Antes no podía escribir con libertad, ahora me veo protegido contra mi propia impotencia, contra mi miedo o cobardía, me he dado cuenta que mis palabras valen por sí mismas. Es increíble la sensación de libertad que produce el efecto de hallar que mi pluma no depende absolutamente de mí, ella es por sí misma.
Por otro lado pienso, si esta letra no es absolutamente mía, en último rigor a la verdad, nada tengo que ver con ella, y esta es la idea que me mata, esa distancia, esa terrible ajenidad, esa sensación de saber que lo que escribo no es absolutamente mío, sin embargo están absurdo pensar que mi pluma y yo no somos uno.
En sacrificio a la verdad, no puedo dejar de unir mentalmente los dos conceptos, es mí pluma pero la siento ajena y distante.

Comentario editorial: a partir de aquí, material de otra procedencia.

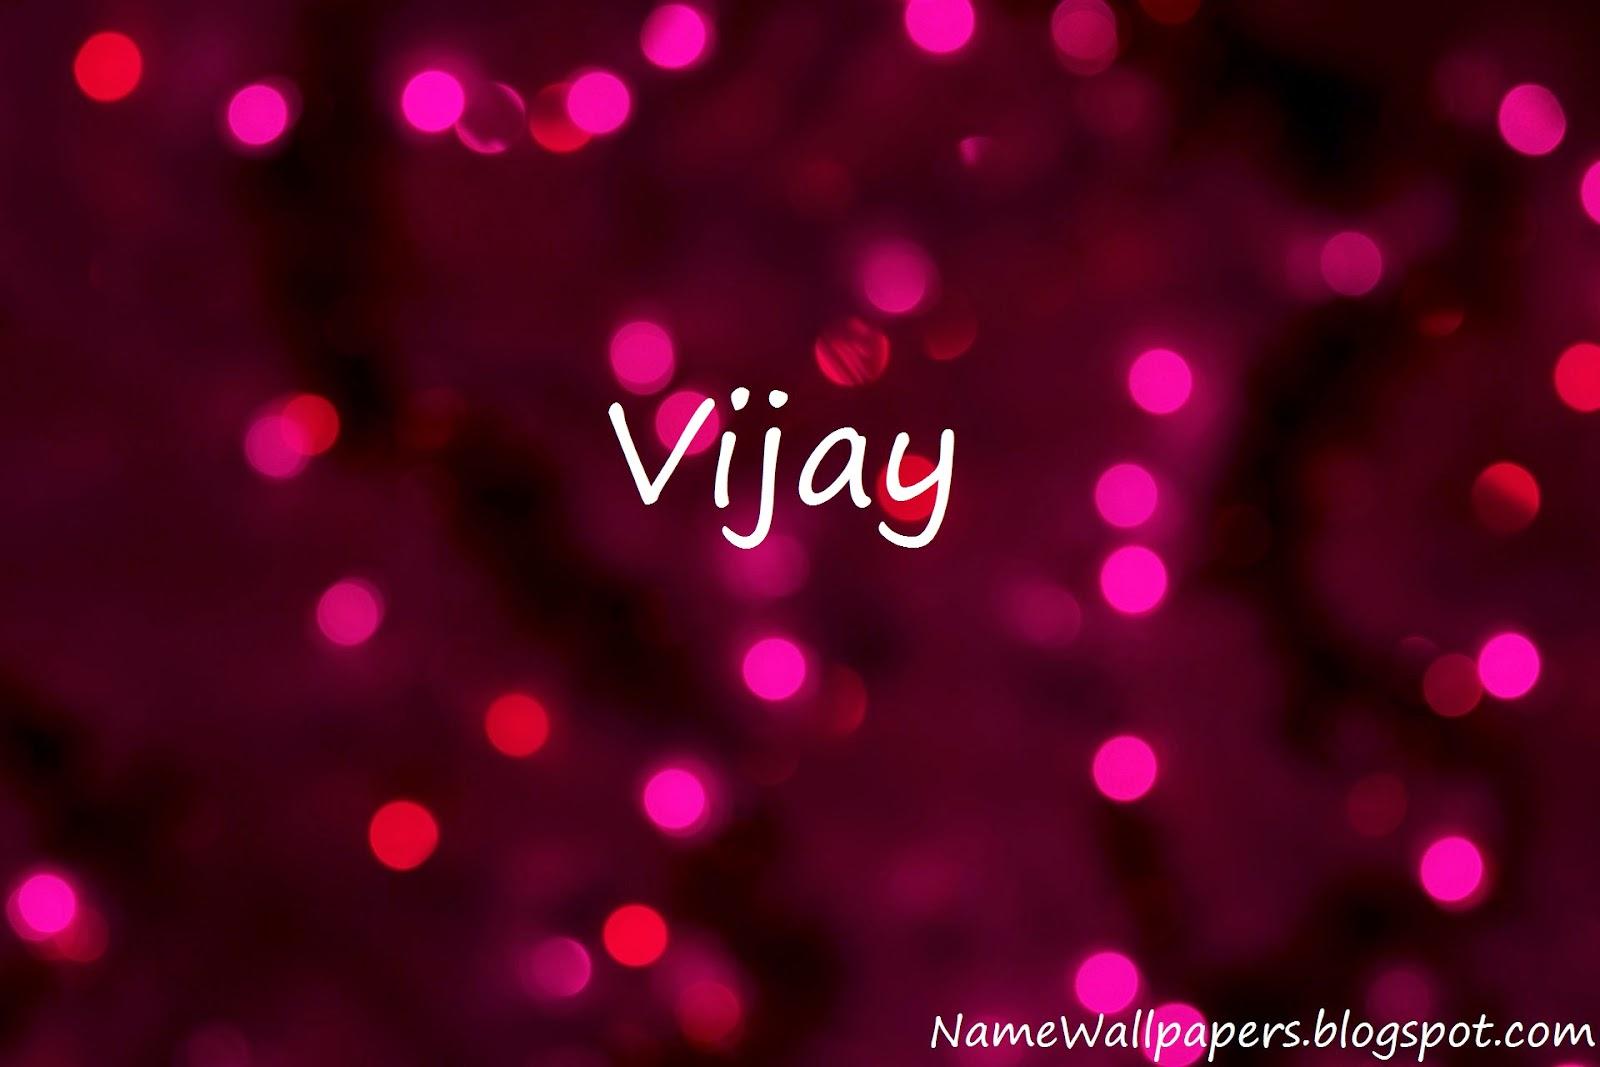 Vijay Name Wallpapers Vijay Name Wallpaper Urdu Name Meaning Name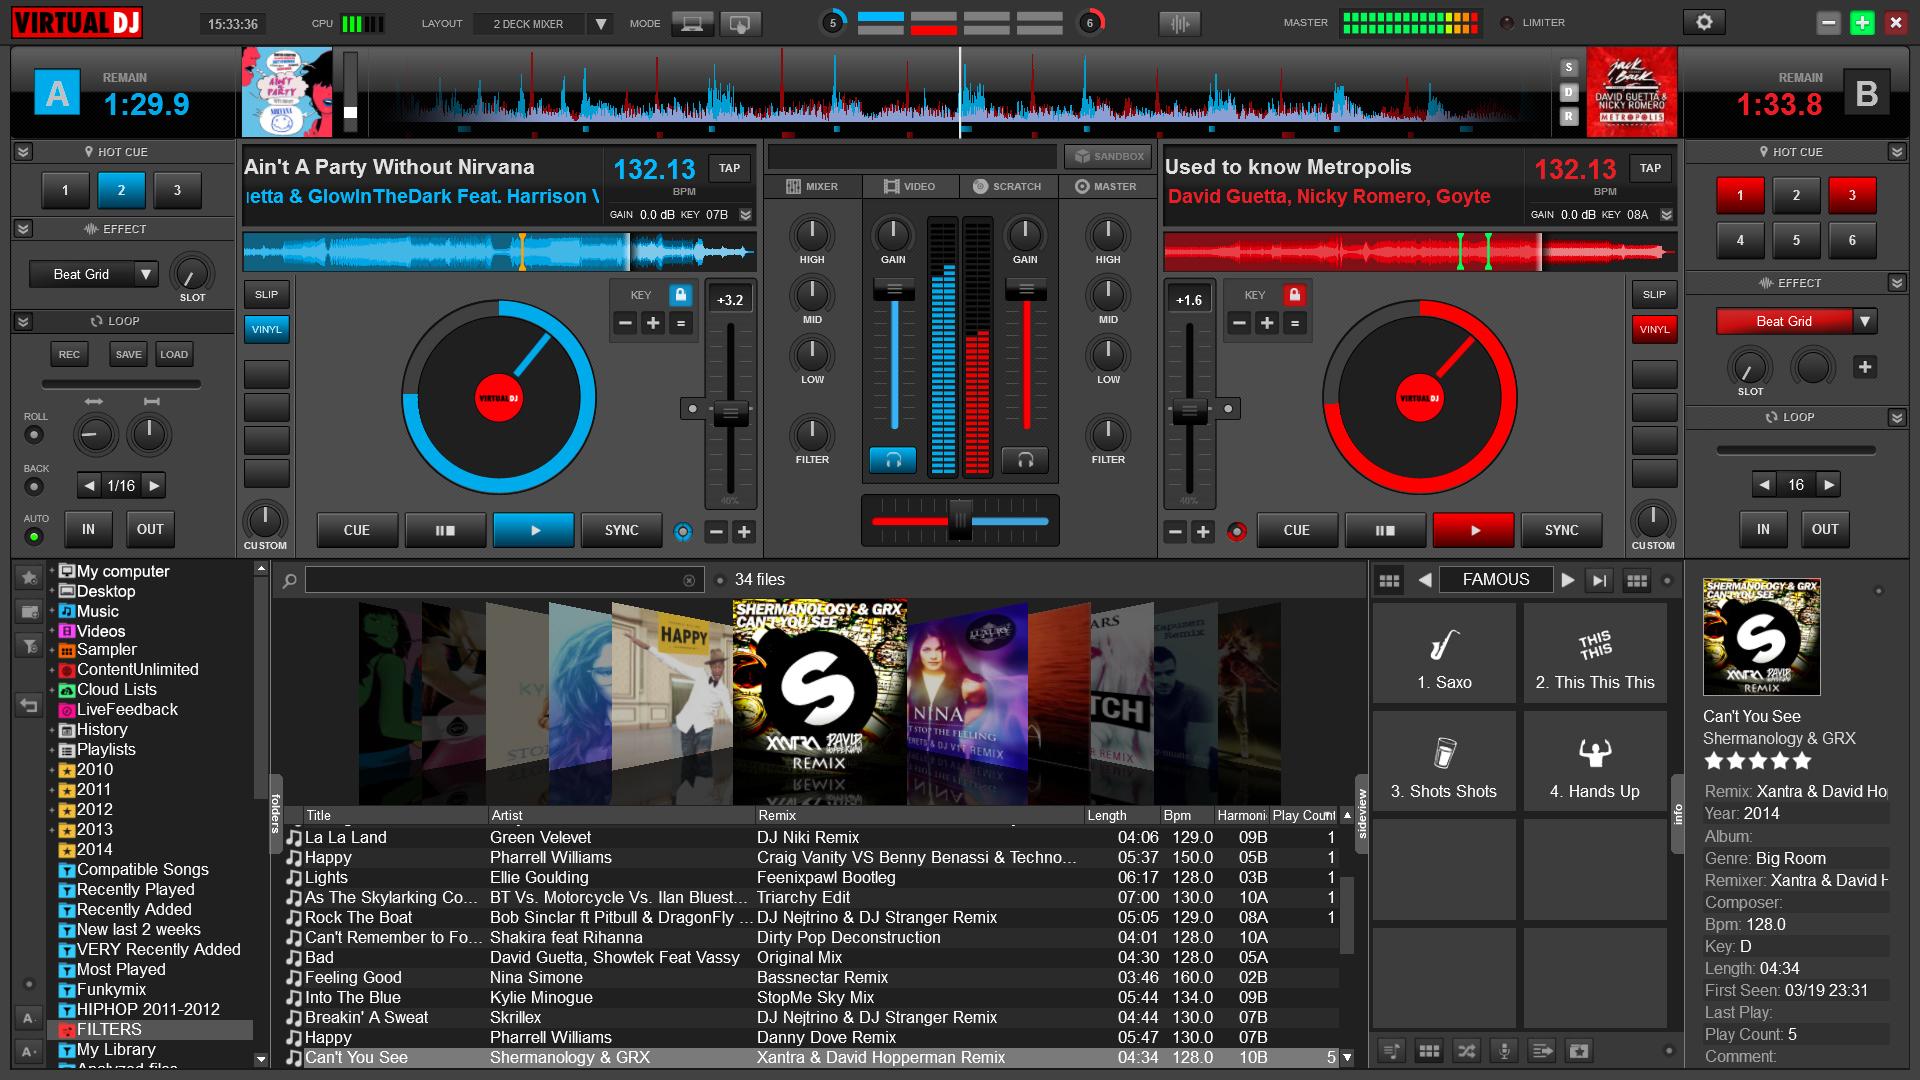 Virtual DJ Pro 8 free crack

La agradable ignorancia de pensar que la paternidad de mi letra era toda mía, pero ahí está la intuición con la clara revelación para hacerme desgraciado, para negarme la plena autoría de mi cosecha.
Reconozco mi letra, todavía insegura, próxima desmoronarse con la escasa convicción en lo que dice, pero también está la otra parte, esa pluma vigorosa, como un intruso exponente de lo ajeno, que a mí me deja este sabor amargo de una modesta felicidad.
Esta pluma me da un poco de admiración con su aire desafiante y agresivo, que sabe decir sin callarse sus presentimientos.